Money market rates continued to decline, except for the yield on the 12-month NCD, which was unchanged at 7,70%. The yields on the 3-, 6- and 9-month NCDs declined to 7,45%, 7,60% and 7,70% respectively on Thursday from 7,70%, 7,65% and 7,75% a week ago. The 3-month jibar eased to 7,25% from 7,32%.

A decline in resource-based stocks, due to some recovery in the rand, limited gains in the overall equity market, with the FTSE/JSE all-share index closing relatively unchanged at 11515,1 on Thursday from the previous week’s close of 11513,3.

The resources index was down by 1,1% or 126,1points to close at 11234,8 from 11360,9. The financial and industrial indices showed gains of 1,0% and 0,6% respectively, closing at 11088,8 and 9618,7 on Thursday from the previous week’s close of 10979,0 and 9559,3. The gold index gained 2,5% or 49,1points to 2041,7 from 1992,6.
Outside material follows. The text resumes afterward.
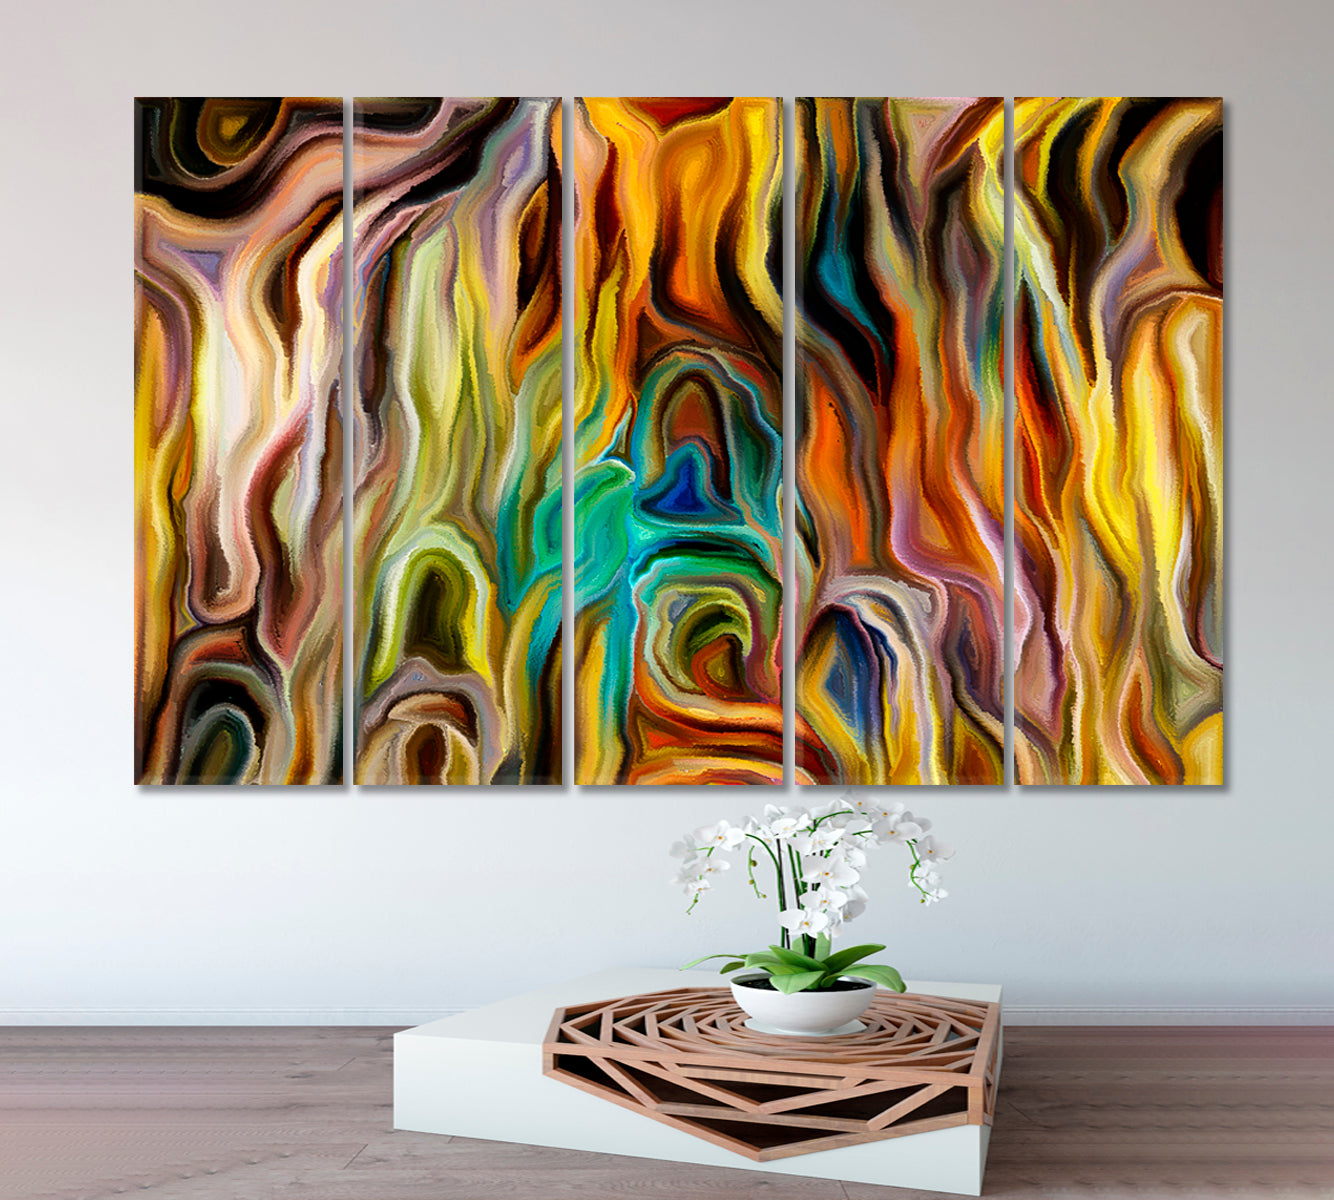 COLORED FLAME LINES Abstract Contemporary Art Contemporary Art Artesty 5 panels 36" x 24"

Growth in capital investment eased marginally from 14,5% in the first quarter to 10,5% in the second quarter but remained broad based. Capital spending by public corporations increased further in the second quarter, while capital formation by the private sector slowed to 5,5% in the second quarter from 9,5% in the first quarter.

Spending by general government remained at low levels in the first half of the year.

South African Airways continued with its fleet renewal programme, while infrastructure maintenance in the communication sector provided a further boost to capital formation.

Key economic releases due this week include consumer inflation for August on Wednesday.

Producer inflation, trade data as well as money supply and private credit extension figures for August will all be out on Thursday.

The Economic Unit forecasts that headline consumer inflation eased to 1,0% % y-o-y (0,0% m-o-m) from 1,6% y-o-y in July, while CPIX is expected to have eased to 3,8 % y-o-y (0,0% m-o-m) from 4,2% y-o-y in July. This is slightly lower than the consensus expectation of 3,9% for CPIX inflation.

These numbers will benefit from the 24c/litre drop in the petrol price during August. Producer inflation is expected to have risen to 1,3% y-o-y (0,1% m-o-m) in August from 0,7% y-o-y in July.

M3 money supply growth is forecast to have increased to 12,8% y-o-y from 11,3% in July, while growth in bank credit extension, excluding the volatile investments and bills discounted categories, is expected to have risen to 10,45% y-o-y (1,1% m-o-m) from 9,45% in July.

The volatile trade account is expected to show a surplus of R800million from a deficit of R500million in July.